Wednesday, November 28, 2012

A quiet win

Sometimes in the law, the real win comes in not having your case heard. When you win at the Court of Appeals, you really don't want the Supreme Court to grant review of the case. Even if you're pretty sure the Supremes will see it the same way and you'll still win, it just delays the relief to the client and means the police or prosecutors might keep doing the wrong thing for a while longer, which means there might be a defendant somewhere who will fall through the cracks and have the wrong thing stick to his case.

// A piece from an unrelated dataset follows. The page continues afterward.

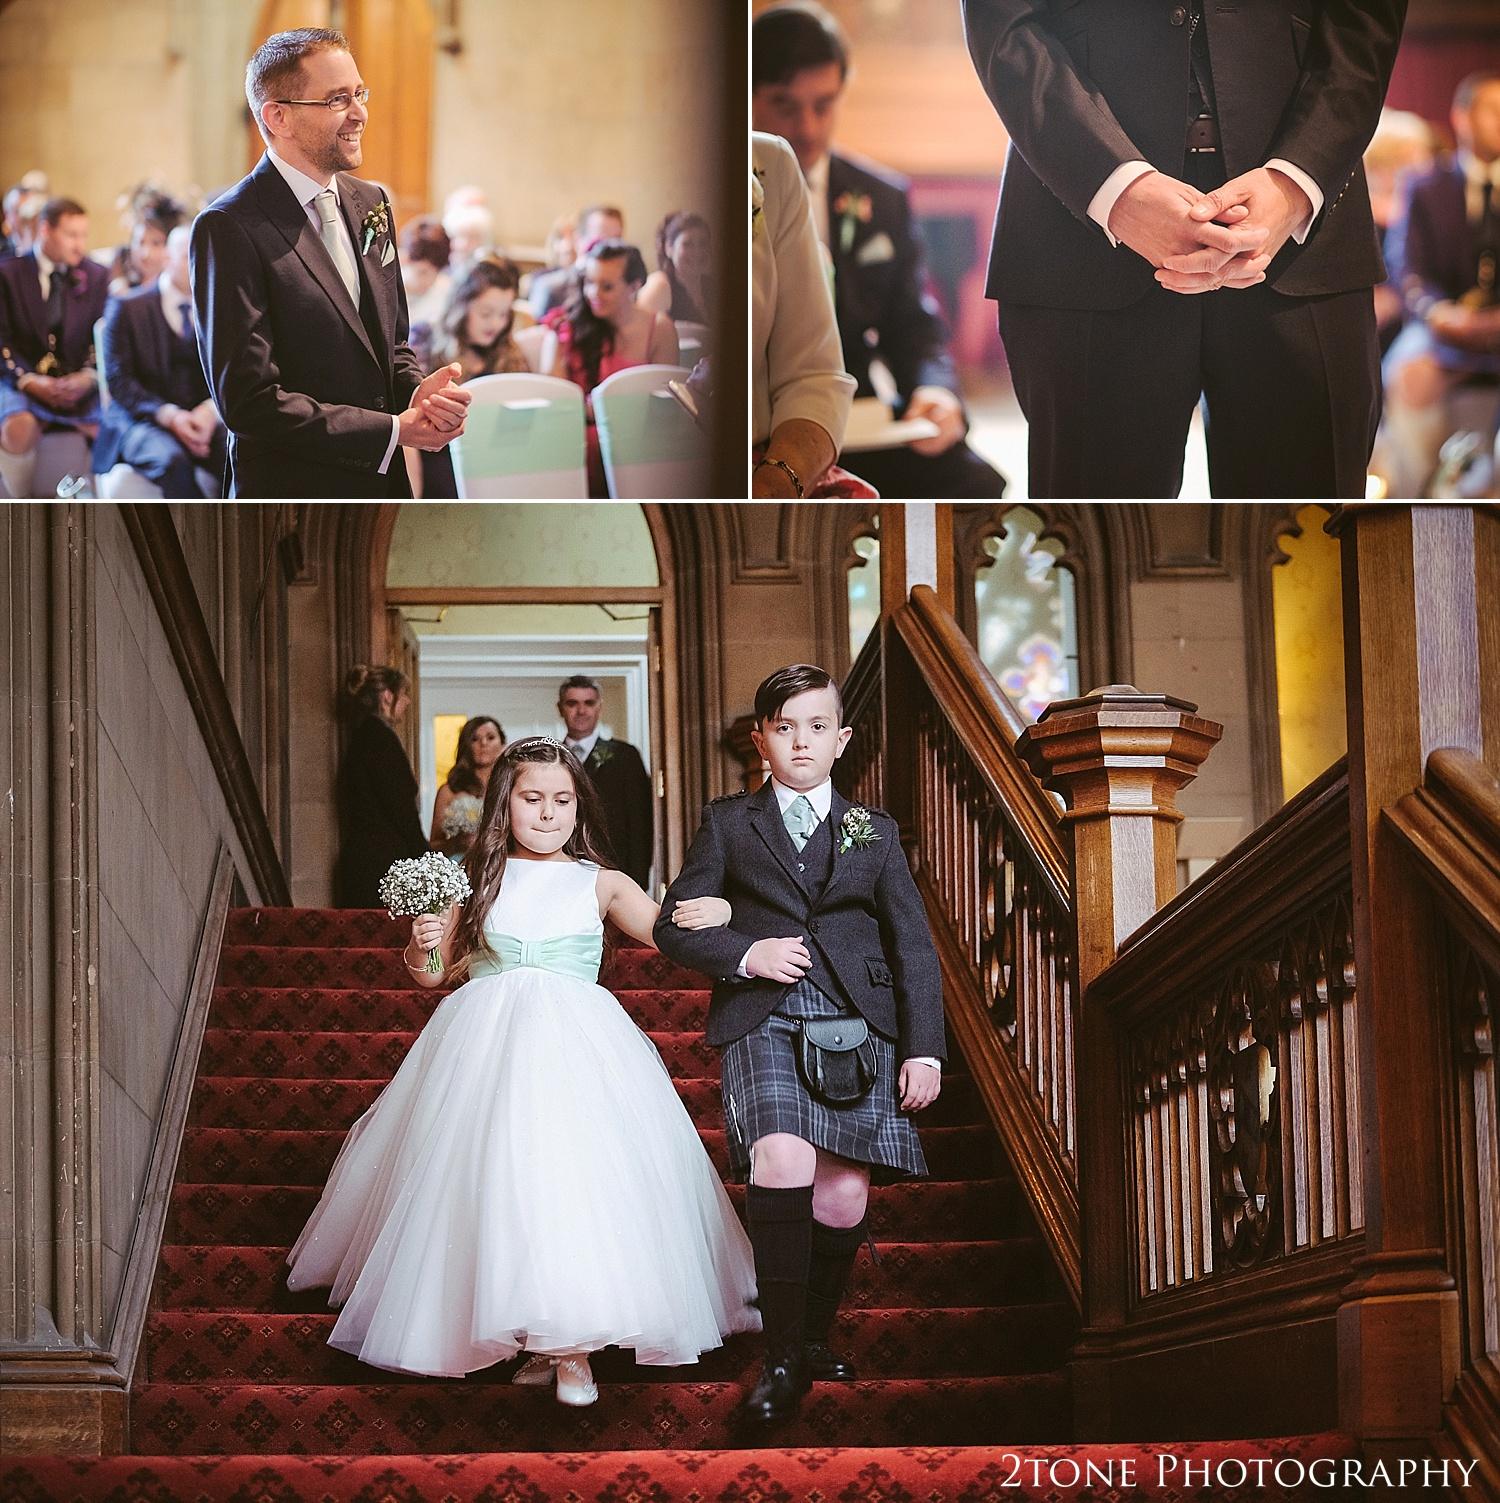 Matfen-Hall-Wedding-Photo 014.jpg

So it's really not a bad thing that the United States Supreme Court this week declined to review a case out of Illinois that challenged that state's broadly-written eavesdropping law. The law makes it a felony, punishable by up to 15 years, to record someone without that person's permission. Now, lots of states have laws against recording a person without that person's permission. But most states also have an exception for recording a person who does not have a reasonable expectation of privacy. Which is why it's perfectly legal to photograph or video record random people on the street. The purpose of the eavesdropping laws is to protect people who think they're engaging in private behavior, like personal conversations or, you know, bedroom stuff.

The Illinois law, though, does not have any such exception. Which has made it the perfect state to fall at the center of the fight over citizens recording the actions of cops. In this era of smart phones, it's become common for bystanders to arrests to break out that phone and record the incident. Sadly, it has also become somewhat common for cops to challenge those bystanders, harass them, arrest them, delete the footage, etc.  In most states, the camera operator has a pretty solid defense by arguing that police officers acting in their official capacity don't have a reasonable expectation of privacy. How can they? They have to fill out reports of everything. They have to expect to testify about arrests, the statements made and the actions taken during them.

In the Illinois case SCOTUS declined to review, the ACLU filed suit, claiming a First Amendment right to record police, so fortunately no bad conviction is involved. The ACLU wanted to launch a government accountability program and wanted assurance that its employees wouldn't be arrested. The 7th Circuit Court of Appeals agreed with the ACLU that we the people get to gather information on our government officials. And now SCOTUS has let that ruling stand by declining to take the case.

For the ACLU and residents of Illinois who were facing prosecution under this application of the eavesdropping law, this cert denial is a good thing. And it means that the only federal appellate case law out there affirms citizens' rights to record the police. But this probably won't be the last we hear of this issue. In that sense, it would have been nice for SCOTUS to take cert and provide a little finality. But then again, they ruled flag burning couldn't be outlawed over 20 years ago and we still hear about occasional flag desecration prosecutions, so maybe we'll still hear about cops arresting citizens for recording arrests for years to come. Let's just hope not in Illinois.